At this stage of the proceedings is NOT CALLED UPON TO RULE ON THE INTRINSIC
VALIDITY OR EFFICACY OF THE PROVISIONS OF THE WILL, the legality of any devise or
legacy therein
o The parties shunted aside the question of whether or not the will should be
allowed probate. For them, the meat of the case is the intrinsic validity of the
will.
o Normally, this comes only after the court has declared that the will has been
duly authenticated.
o But petitioner and oppositors, in the court below and here on appeal,
travelled on the issue of law, to wit: Is the will intrinsically a nullity?
If the case were to be remanded for probate of the will, nothing will be gained.
These are the practical considerations that induce us to a belief that we might as well
meet head-on the issue of the validity of the provisions of the will in question.
IMPORTANT: PRETERITION
The statute we are called upon to apply in Article 854 of the Civil Code which, in part,
provides: ART. 854. The preterition or omission of one, some, or all of the compulsory
heirs in the direct line, whether living at the time of the execution of the will or born
after the death of the testator, shall annul the institution of heir; but the devises and
legacies shall be valid insofar as they are not inofficious. ...
In this case, deceased Rosario Nuguid left no descendants, legitimate or illegitimate.
But she left forced heirs in the direct ascending line her parents, now oppositors Felix
Nuguid and Paz Salonga Nuguid.
AND, THE WILL COMPLETELY OMITS BOTH OF THEM: They thus received nothing by the
testament; tacitly, they were deprived of their legitime; neither were they expressly
disinherited.

THIS IS A CLEAR CASE OF PRETERITION.


The one-sentence will here institutes petitioner as the sole, universal heir nothing
more. No specific legacies or bequests are therein provided for. It is in this posture that
we say that the nullity is complete. Perforce, Rosario Nuguid died intestate.

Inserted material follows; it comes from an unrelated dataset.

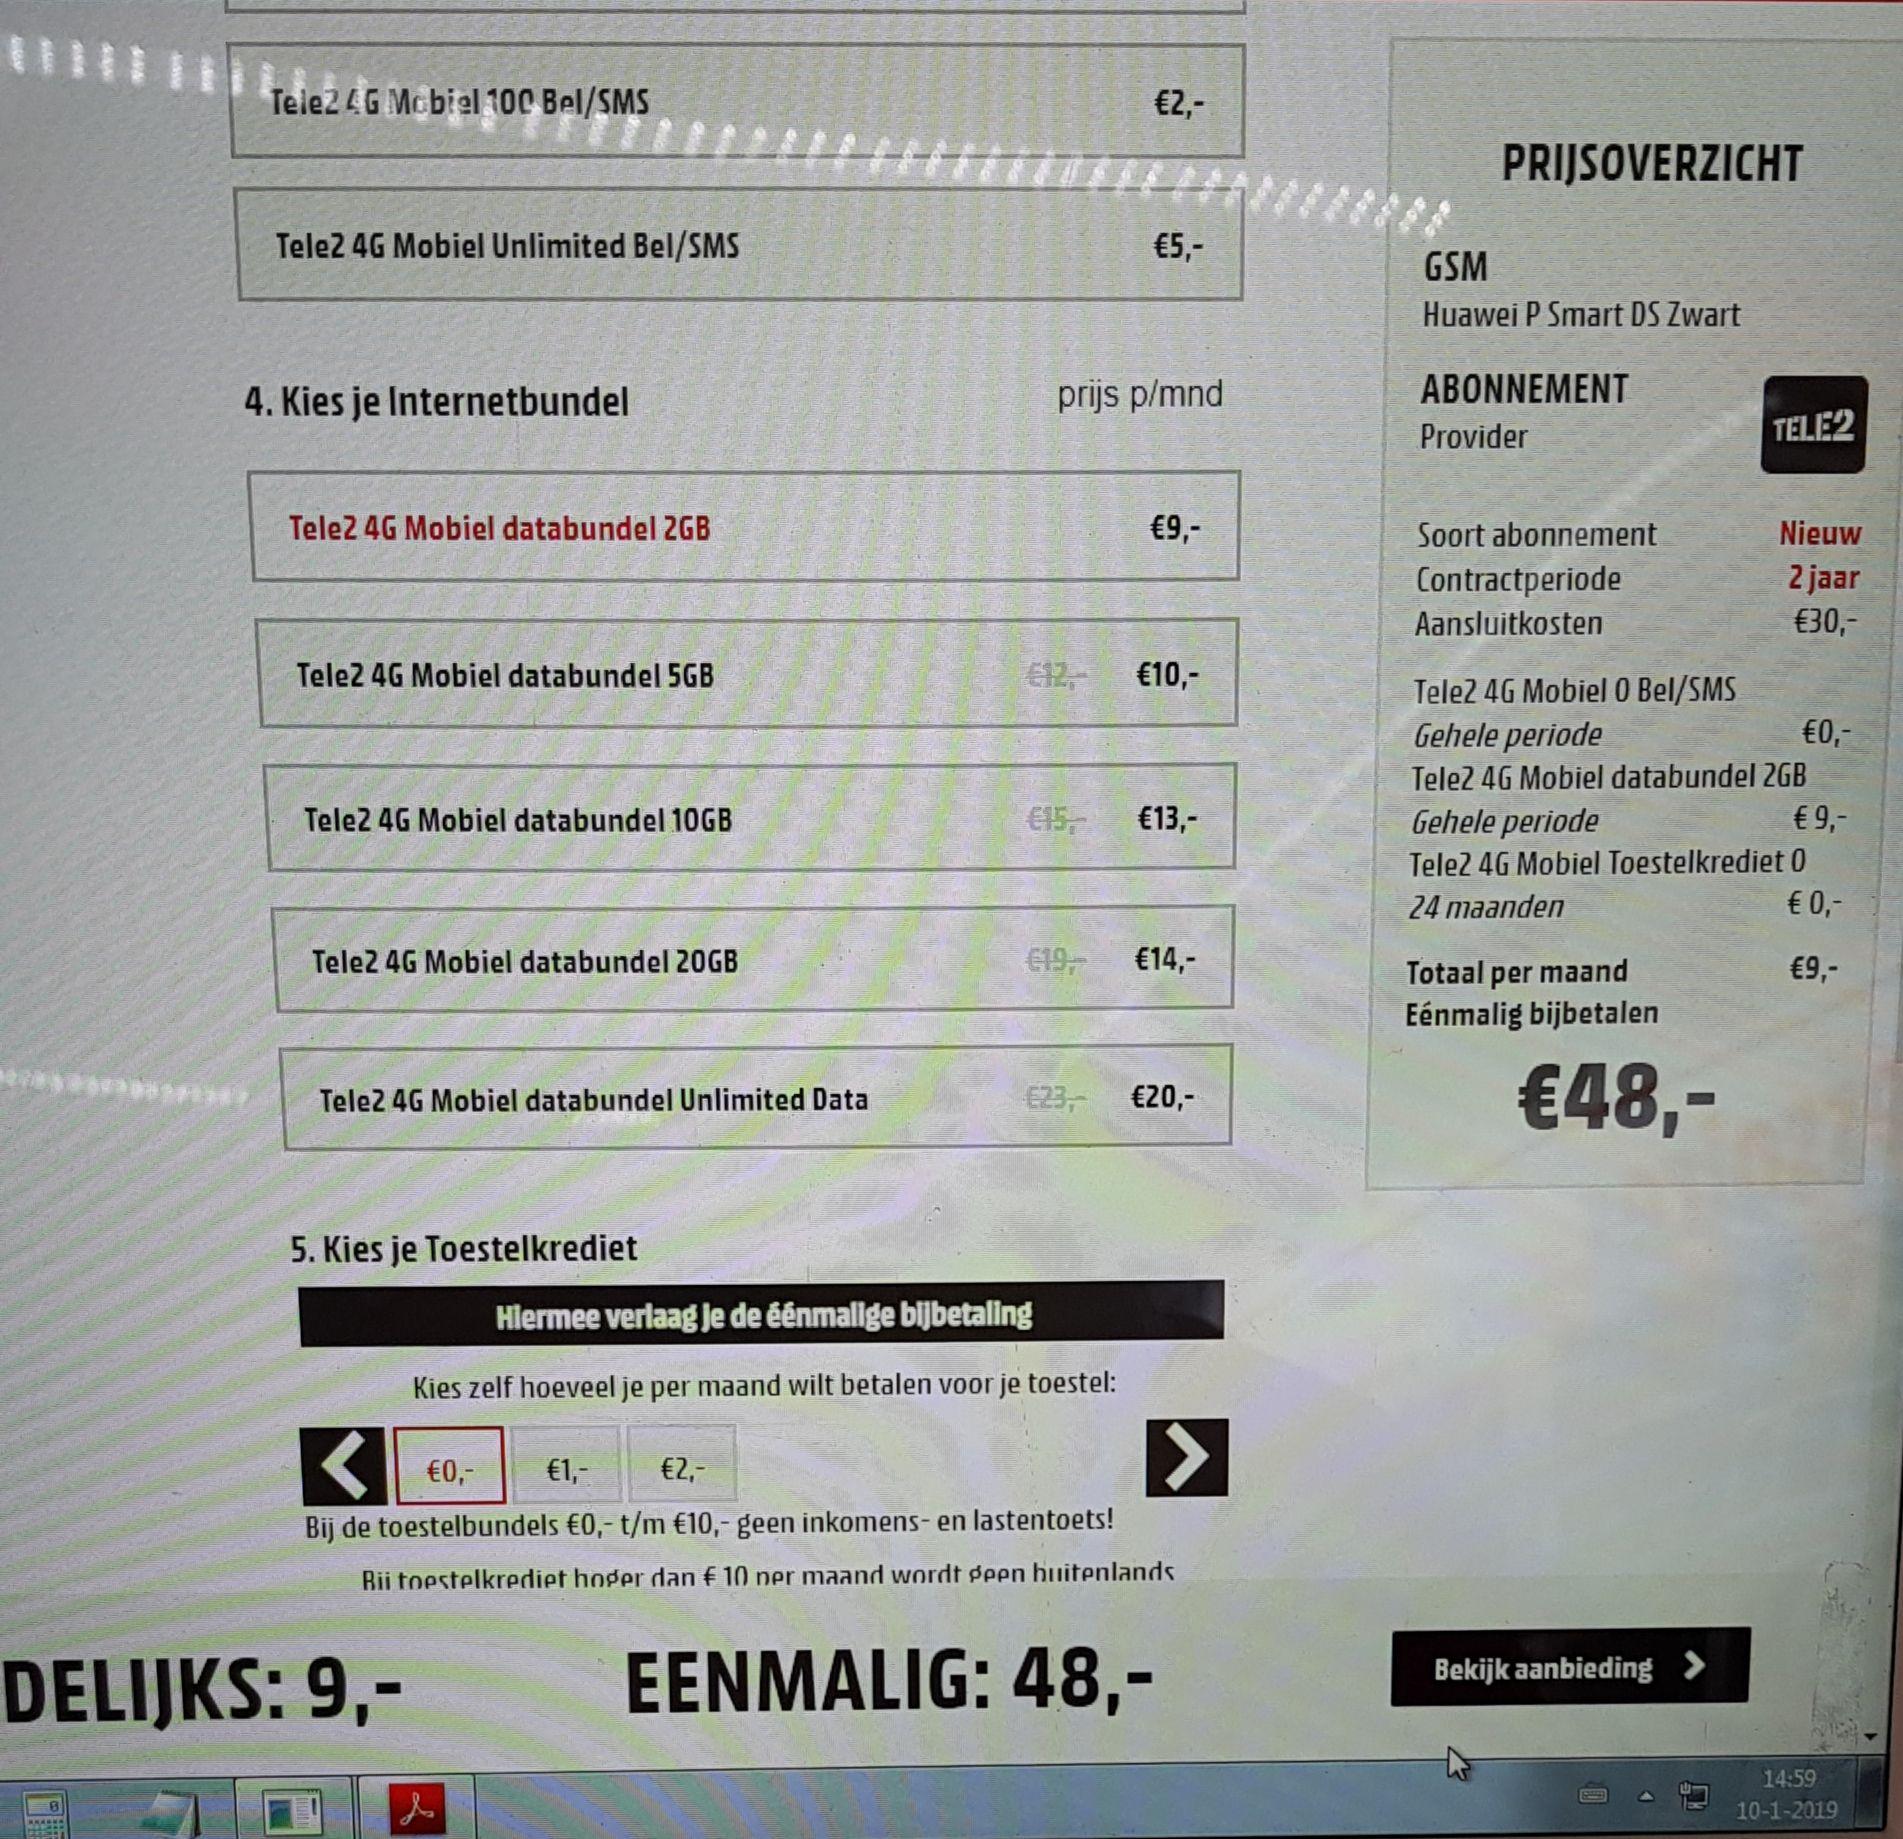 P smart abonnement Tele2 €48 eenmalig + €9,- per maand + 30 aansluit kosten

Because, the nullification of such institution of universal heir without any other
testamentary disposition in the will amounts to a declaration that nothing at all was
written.
As aforesaid, there is no other provision in the will before us except the institution of
petitioner as universal heir. That institution, by itself, is null and void. And, intestate
succession ensues.
The disputed order, we observe, declares the will in question "a complete nullity".
Article 854 of the Civil Code in turn merely nullifies "the institution of heir". Considering,
however, that the will before us solely provides for the institution of petitioner as
universal heir, and nothing more, the result is the same. The entire will is null.